Sometimes in life there are times when one has to say goodbye. I think that I have reached one of those moments in my life.
Sometimes life now, it is extremely hard to let go. Maybe it is because I am so use to having this person in my life and I have grown to be comfortable. After all it was two years that I had this person in my life. Maybe I should start to let go because it is only causing me more pain to hold on. It seems that I harder I hold and looser my grab on my emotions and mind become..
This is even starting to affect my school life. I am finding myself thinking that other things are more important when in reality I know that school is one of the most important things in my life right now. It only comes second to my health. Even that right now seems to now be doing so well. I have been so stressed and I can not sleep at night.

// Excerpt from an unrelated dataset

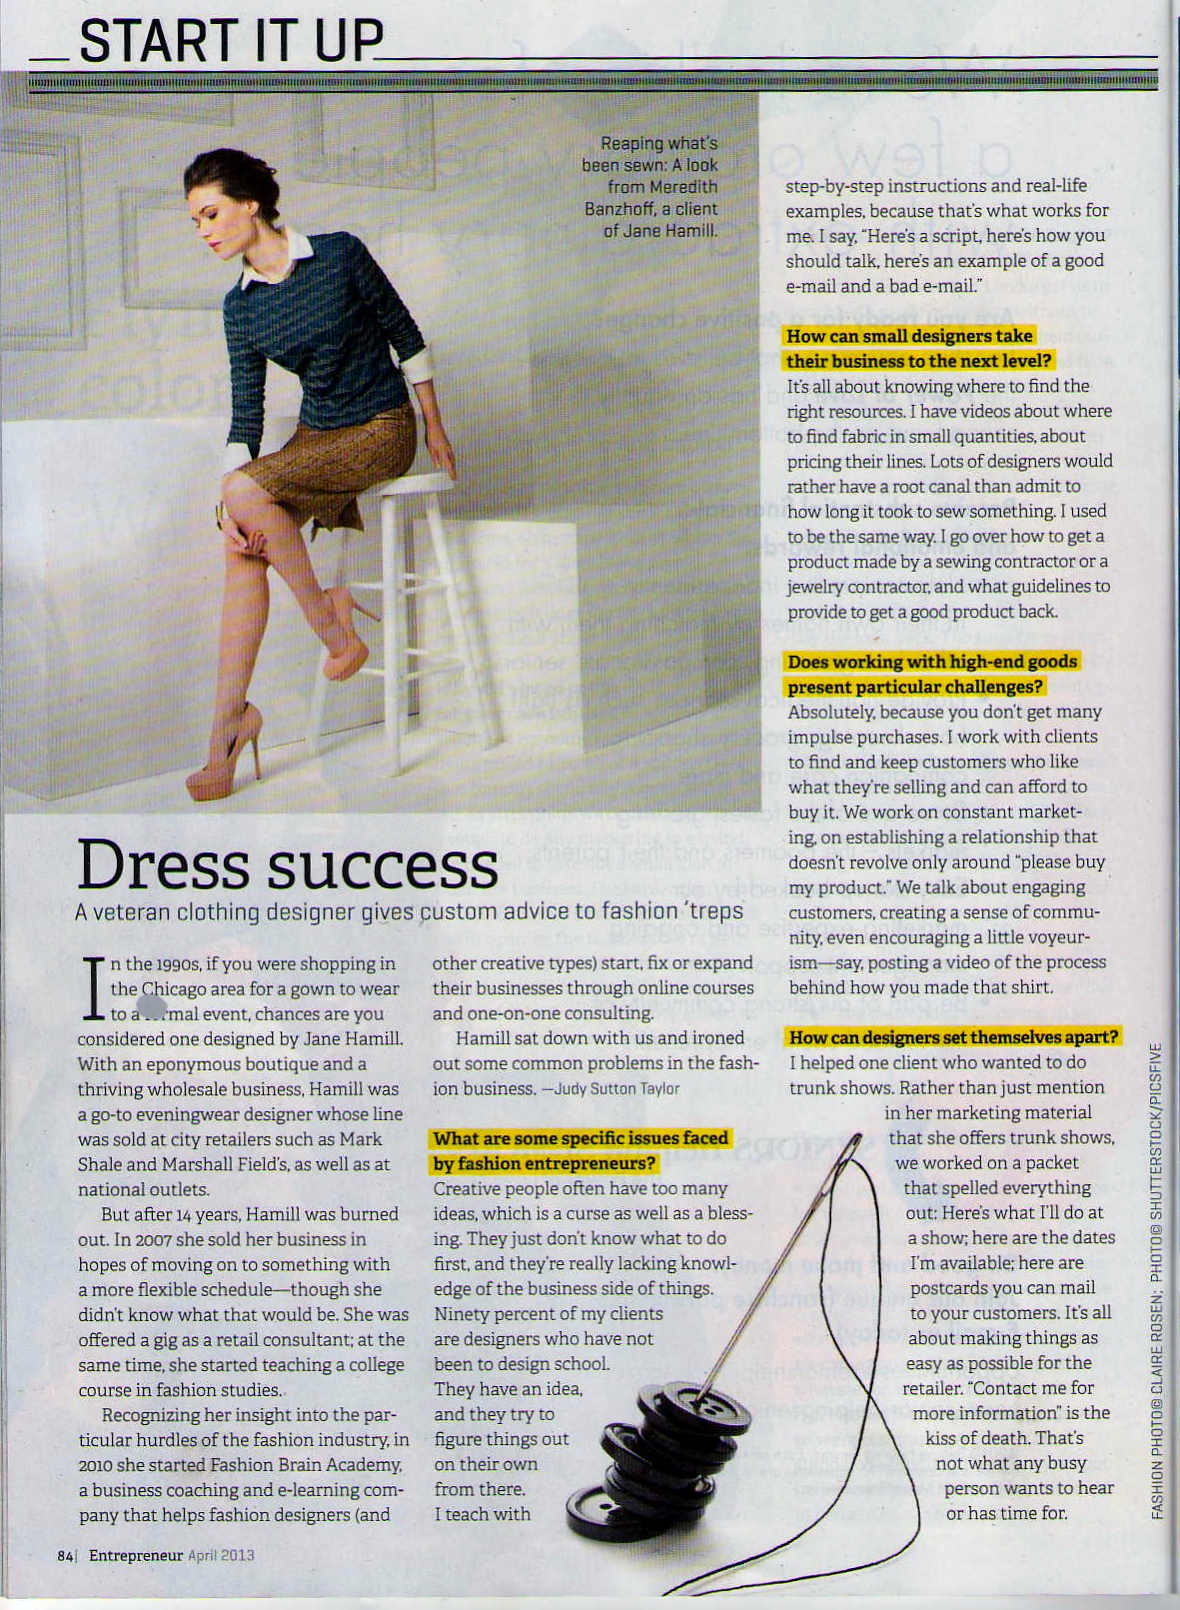 page 84 - Entrepreneur magazine April issue

When I finally do fall asleep if I get woken up I will not be able to get back to sleep.
I know that I right thing to do for myself is to let go. Then why are my feels pulling me a different why? Why is it so hard?
Its kind of funny when I think about it because I know that no matter what months from now I will not feel this way. I know that I will be okay. It will probably suck when I think about it but the pain will not be there.
That's the great thing about pain. It can never reappear like sadness or happiness, when you think back on a memory or an event. It is because pain is only a temporary thing.
Pain, sadness, and happiness are all emotions. If pain is a temporary thing, does that mean the other two are temporary as well?
ReplyDeleteTalking with another student this week about the power of the mind, we discussed how you focus determines where you energy goes. For example, if one dwells on pain, one's energy is more likely to be painful... AND if one's thoughts dwell in happiness, one's energy is more likely to be happy.
Where are your thoughts today?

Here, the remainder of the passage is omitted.